Следовало выбрать час, когда детей не было; имелись лишь две возможности: обеденный перерыв, между двенадцатью и двумя, а это было обеденное время доктора, или конец дня, когда дети расходились по домам. Последний вариант был во всех отношениях лучше, но к тому времени доктор уже завершал визиты, и в его распоряжении было всего несколько минут, чтобы управиться и успеть домой к столу. Третьей проблемой, самой серьезной для него, было его положение. Он не мог отправляться туда не в экипаже, который в городе прекрасно знали и который должен был ожидать его у двери. Конечно, можно было взять в сообщники кучера, как делали почти все его друзья по общественному клубу, однако это было не в его правилах. А потому, когда визиты к сеньорите Линч стали достаточно очевидными, сам кучер, семейный кучер в ливрее, дерзнул спросить его, не лучше ли ему уехать и вернуться позднее, чтобы экипаж не простаивал столько времени у дверей. Доктор Урбино в несвойственной ему манере обрезал кучера.
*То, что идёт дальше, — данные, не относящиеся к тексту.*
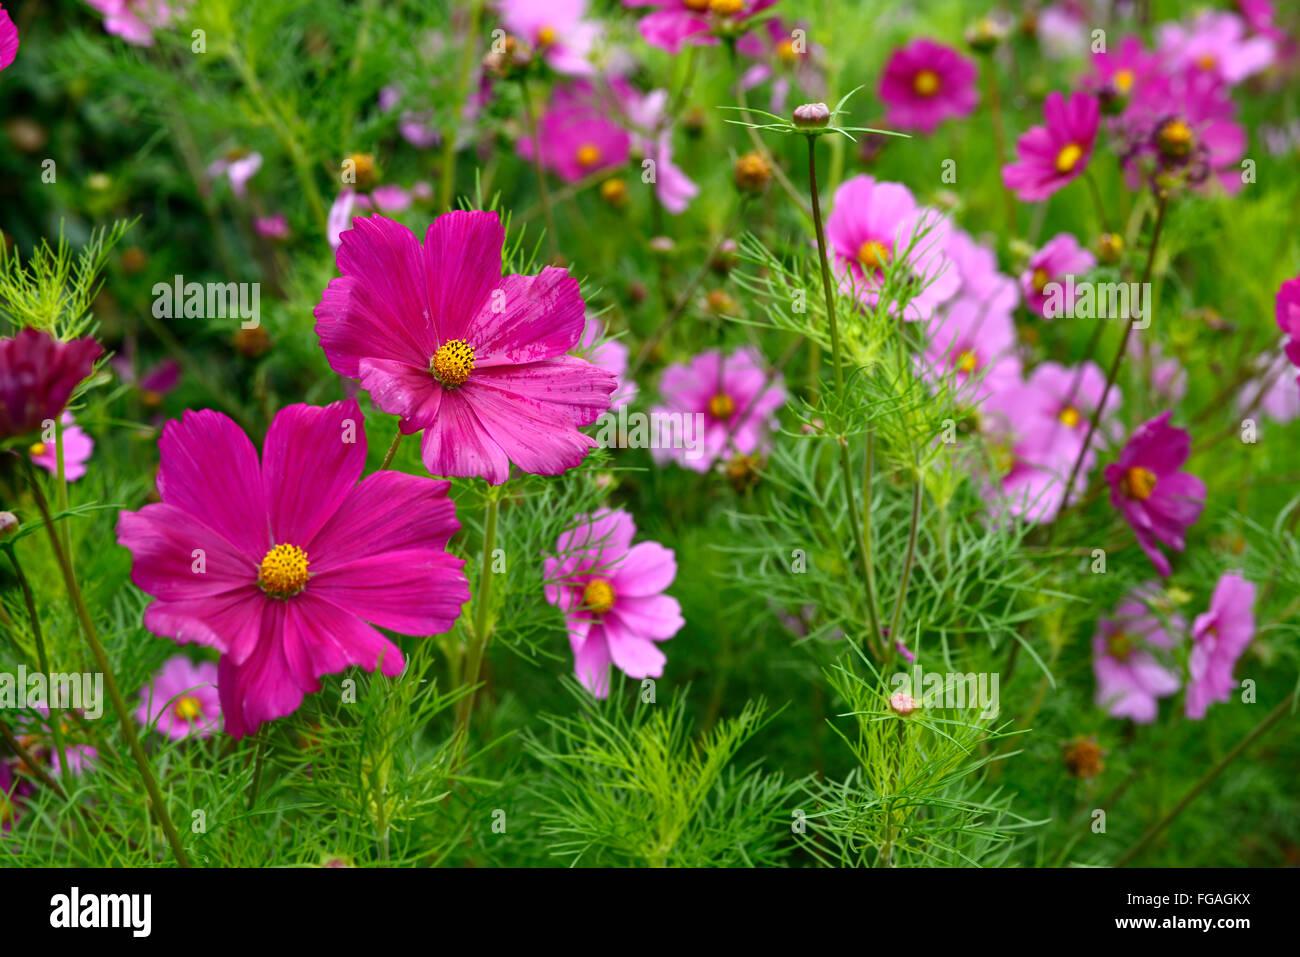 Sensazione di cosmos mix rosa viola fiori annuali fiore fioritura

— С тех пор, как тебя знаю, первый раз ты говоришь такое, чего не должен говорить, — сказал он. — Но так и быть, считай, я не слышал твоих слов.
Выхода не было. В таком городе невозможно скрыть болезнь, если докторский кучер стоит у дверей. Иногда доктор отваживался идти пешком, если расстояние позволяло, или же садился в наемный экипаж, дабы избежать злонамеренных и скороспелых домыслов. Но подобные уловки мало помогали, потому что по рецептам, которые отдавались в аптеки, можно было разгадать правду, и доктор Урбино наряду с правильными, нужными для лечения лекарствами выписывал вымышленные, во имя священного права больного унести вместе с собой в могилу тайну своей болезни. Конечно, можно было придумать множество достойных оправданий тому, что его экипаж простаивает перед дверью сеньориты Линч, но придумывать можно было не долго, во всяком случае, не столько, сколько бы ему хотелось: всю жизнь.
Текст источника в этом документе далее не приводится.